A hot wave of panic washes over me. I select the entire folder. My finger hovers over the delete key. This is a mistake. Getting this close, even sonically, is a mistake.
Caring leads to loss. Always has, always will. Ethan’s face flashes through my mind, his easy grin in the passenger seat of my old car. The proof I never needed.
I hit delete.
The action feels like cutting off my own arm, but I have to do it. Self-preservation. Devon isn’t someone I can allow myself to care about, to notice, to immortalize in sound. He’s a temporary problem, not a permanent fixture.
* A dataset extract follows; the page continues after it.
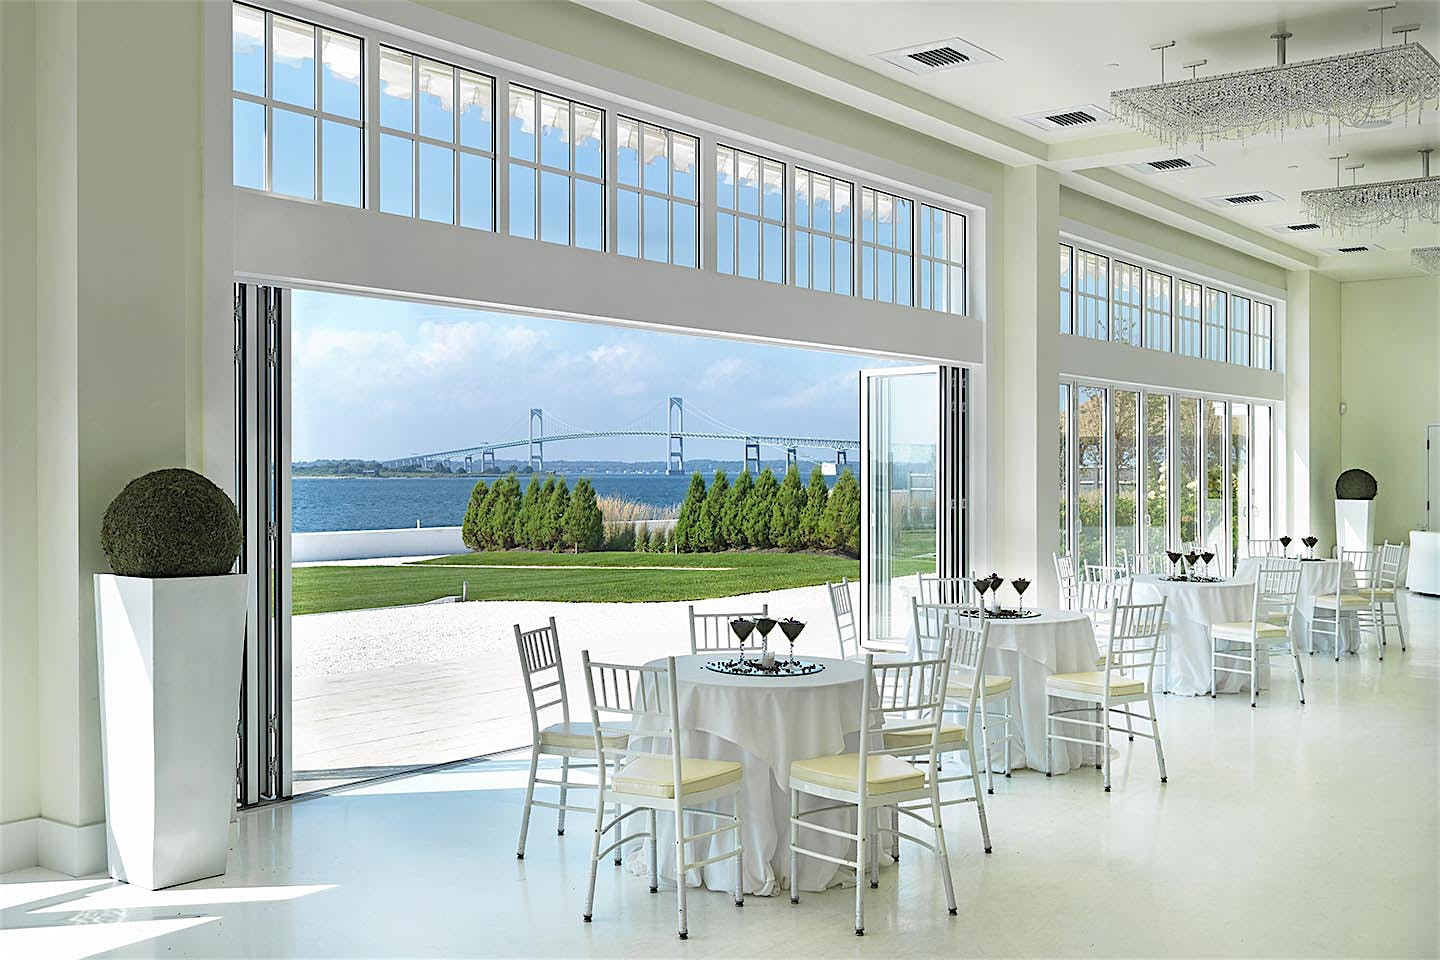 NanaWall opening glass walls in Country Club event space

I force myself back to Professor Harrington’s project, rebuilding it from memory with mechanical precision. But even as my fingers move over the keyboard, setting cue points and adjusting levels, I can’t escape the ghost of the melody I created for Devon.
And I can’t escape the memory of his scent in the kitchen—changing, sweetening, calling to something primal in me that I’ve spent the last six years trying to bury.
I scrub a hand over my face, trying to erase the memory. But I don’t understand that the change isn’t just in my head. It's in the air, in the floorboards between our rooms. And it's getting stronger.